→ What you should do
Going down the listing below, print exactly each line from the one with "Tôm Sốt Thái" up to and including the one with "В Егорлыкском районе", and skip the rest.

→ Records for the task
= = = =
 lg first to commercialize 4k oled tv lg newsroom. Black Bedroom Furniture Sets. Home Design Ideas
= = = =
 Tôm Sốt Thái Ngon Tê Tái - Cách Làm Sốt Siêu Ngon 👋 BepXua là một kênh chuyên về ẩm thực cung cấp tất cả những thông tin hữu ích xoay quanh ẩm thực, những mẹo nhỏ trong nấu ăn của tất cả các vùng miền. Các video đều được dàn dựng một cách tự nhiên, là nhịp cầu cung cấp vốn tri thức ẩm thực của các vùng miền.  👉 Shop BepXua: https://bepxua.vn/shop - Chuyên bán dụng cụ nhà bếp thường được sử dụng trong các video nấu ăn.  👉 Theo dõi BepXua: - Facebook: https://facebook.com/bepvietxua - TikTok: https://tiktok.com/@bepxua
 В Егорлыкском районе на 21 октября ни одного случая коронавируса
= = = =
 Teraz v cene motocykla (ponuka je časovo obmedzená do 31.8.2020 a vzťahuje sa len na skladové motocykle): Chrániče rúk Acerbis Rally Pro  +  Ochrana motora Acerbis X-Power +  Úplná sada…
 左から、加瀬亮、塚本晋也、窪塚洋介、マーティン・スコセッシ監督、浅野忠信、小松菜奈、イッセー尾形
= = = =
→ Task response
 Tôm Sốt Thái Ngon Tê Tái - Cách Làm Sốt Siêu Ngon 👋 BepXua là một kênh chuyên về ẩm thực cung cấp tất cả những thông tin hữu ích xoay quanh ẩm thực, những mẹo nhỏ trong nấu ăn của tất cả các vùng miền. Các video đều được dàn dựng một cách tự nhiên, là nhịp cầu cung cấp vốn tri thức ẩm thực của các vùng miền.  👉 Shop BepXua: https://bepxua.vn/shop - Chuyên bán dụng cụ nhà bếp thường được sử dụng trong các video nấu ăn.  👉 Theo dõi BepXua: - Facebook: https://facebook.com/bepvietxua - TikTok: https://tiktok.com/@bepxua
 В Егорлыкском районе на 21 октября ни одного случая коронавируса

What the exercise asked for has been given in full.